Moderna’s mRNA Flu Vaccine Back Under FDA Review

In a sudden reversal, the U.S. Food and Drug Administration (FDA) has agreed to review Moderna’s experimental mRNA influenza vaccine. 

The move comes just one week after the agency refused to evaluate the company’s application, a decision that sent shockwaves through the biotech industry.

The initial rejection centered on the design of Moderna’s clinical trials. 

Regulators had previously argued that the company should have tested its shot against a higher-strength flu vaccine for the older adults in the trial’s control group. 

Following the rejection, Moderna modified its approach to satisfy the government’s concerns.

mRNA technology is a relatively new approach to vaccination. It gained widespread attention during the COVID-19 pandemic, when it was used to speed vaccine development.

While traditional flu vaccines inject a virus protein into the body to stimulate the immune system, mRNA vaccines supply cells with the code to make the virus protein that then stimulates the immune system.

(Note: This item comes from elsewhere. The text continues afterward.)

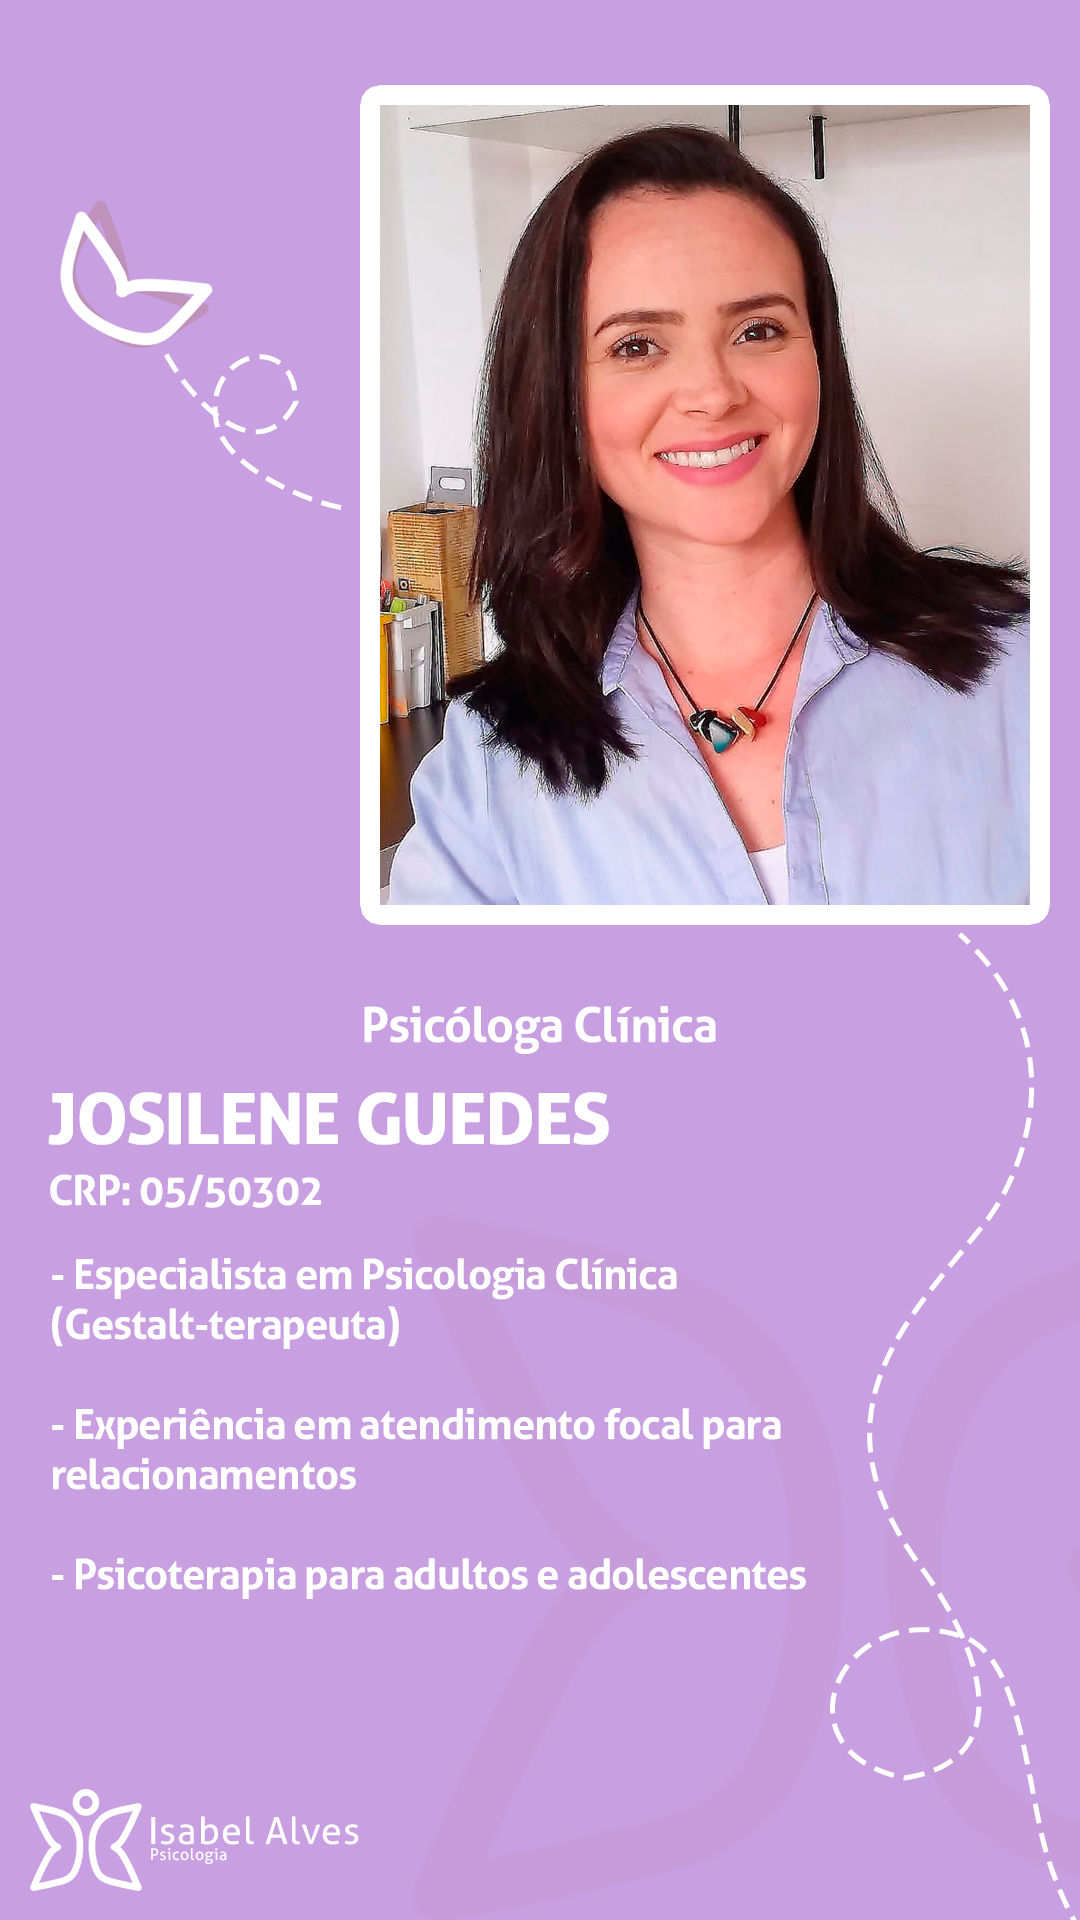 Josilene Guedes

Under the newly accepted application, Moderna is seeking two types of approval based on age. 

The company is asking for full approval for adults aged 50 to 64. For those aged 65 and older, it is seeking "accelerated approval," which allows a product to reach the market faster based on early data while more research continues.

To address the FDA's previous concerns about older people, Moderna has committed to performing a post-marketing study. This means they will continue to collect data on how well the vaccine protects seniors after it is already being used by the public.

If approved, this would be the first flu vaccine to use the same messenger RNA technology that powered Moderna’s COVID-19 shots. 

Moderna CEO Stéphane Bancel expressed optimism about the upcoming flu season. 

“Pending FDA approval, we look forward to making our flu vaccine available later this year so that America’s seniors have access to a new option to protect themselves against flu,” Bancel said in a statement.

The FDA is expected to make its final decision on the vaccine by Aug. 5. This timeline would allow the company to distribute the shots in time for the fall respiratory virus season.

More information

The U.S. Food and Drug Administration provides an overview of vaccine development.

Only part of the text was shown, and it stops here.